The Final Solution by Michael Chabon

What an utterly joyless exercise. Joyless to read and, I’m hoping, joyless to write. Because if Michael Chabon, a novelist I have always respected even if I haven’t always loved his stuff, took any joy in writing this needlessly pretentious, unambitious takedown of one of the most beloved characters in all of fiction, then I don’t know if I can continue to respect his work.

The Final Solution is a novel about Sherlock Holmes, not Adolf Hitler. Except, the character is never called Sherlock Holmes, just “the old man.” This is the kind of literary technique that makes my eyes roll. Get over yourself, you’re writing a Sherlock Holmes pastiche, man up and admit it already. There have been hundreds of Holmes stories published since the death of Conan Doyle, so I’m sure there were no legal complications, and I can’t think of a single valid artistic reason for doing it.

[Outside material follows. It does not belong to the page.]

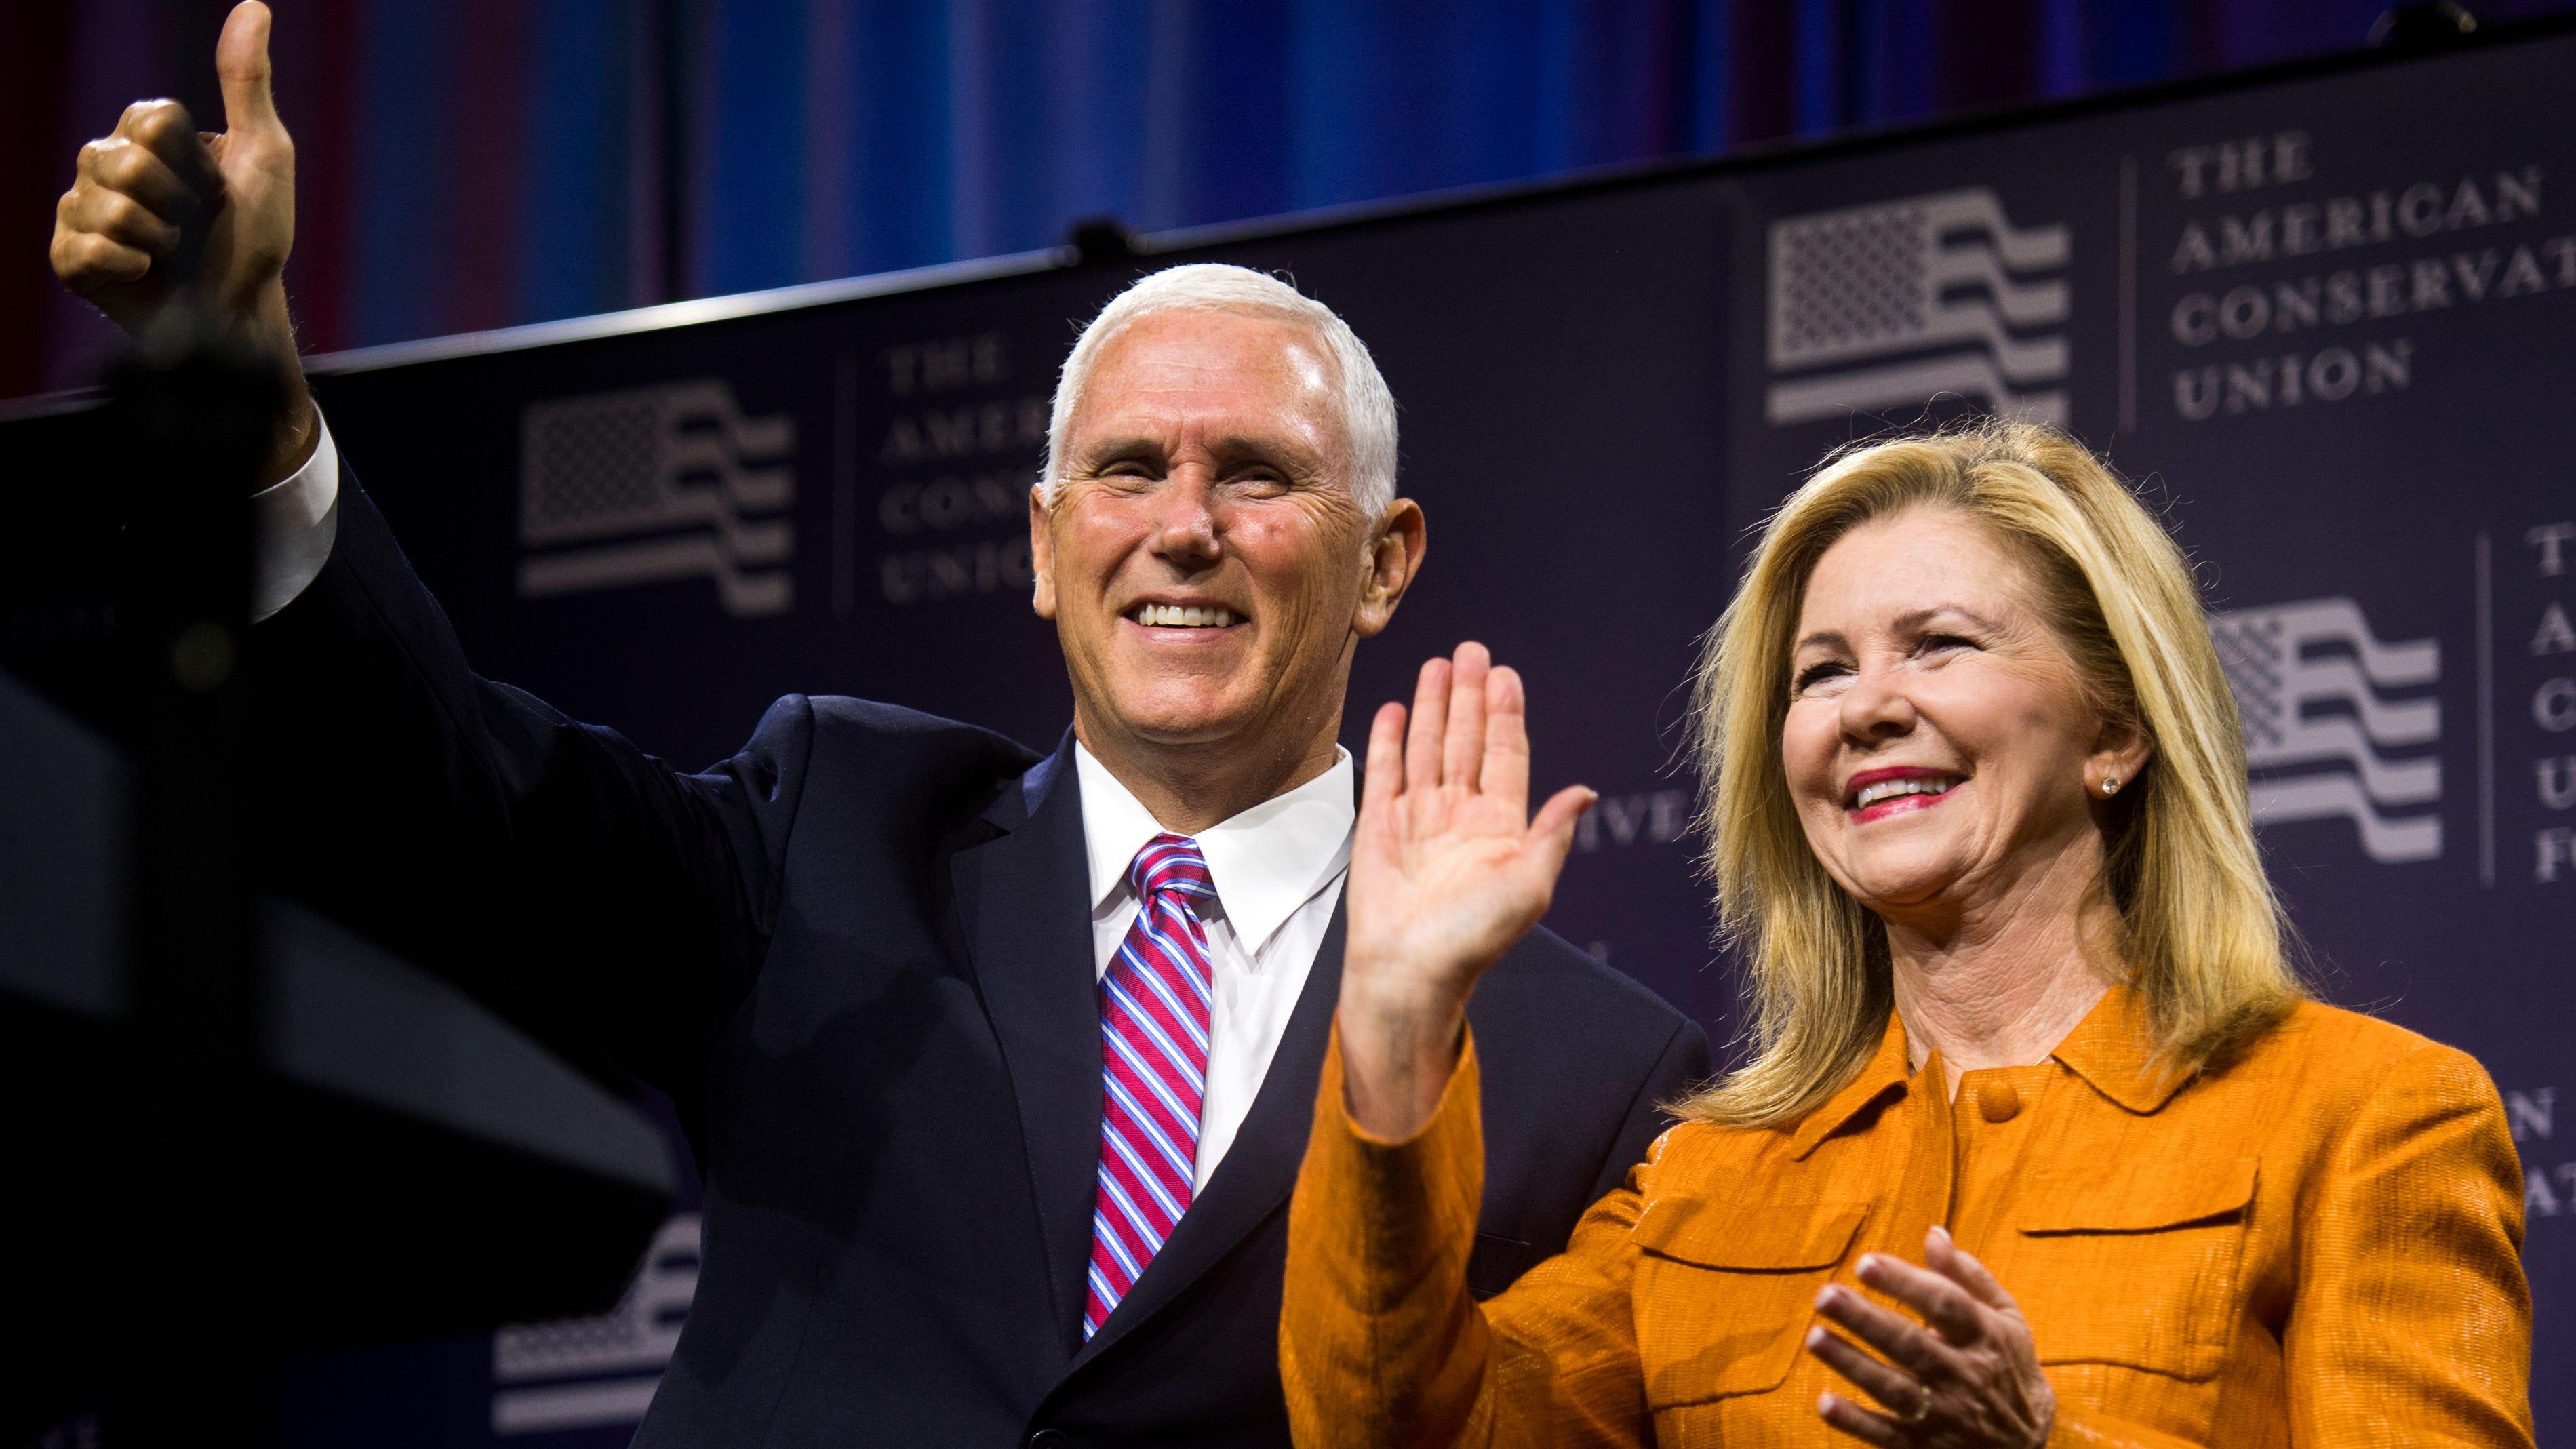 Vice President Pence, GOP leaders stump for Blackburn in Knoxville visit

The novel is set in WWII England. The old man is an 89-year-old beekeeper and former detective of renown. He happens to be intrigued one day by a nine-year-old mute and his African gray parrot. The boy can not or will not speak and the bird repeats several series of numbers in German. Later, a man living in the same boarding house as the boy is murdered and the bird goes missing. The local police bring in the legendary detective.

Some that sounds appealing, no? No. Despite its surface oddities, befitting the traditional stories, this iteration of Holmes, perhaps understandably given his age, displays none of the talents and traits of the beloved character. Throughout the entire novel, Holmes hardly figures anything out at all, has major revelations disclosed to him voluntarily, and displays nothing of the keen observational skills so many readers enjoy.

Instead we get page after page describing the creaking of his bones. Or his hearing loss. Or how he used to work with this new cop’s grandfather. So. Freaking. What. He’s old, we get it, now let him solve the mystery. Oh, and to top it all off, the climactic events are told from the point of view of the parrot.

I loved The Amazing Adventures of Kavalier and Clay, but I have found every other novel of Chabon’s wanting, none more so than this. Chabon’s defense of genre fiction has always seemed admirable, but why champion a form only to debase in such a public manner.

Bottom line: avoid at all costs. Not for Sherlock fans, not for mystery fans, not for anyone.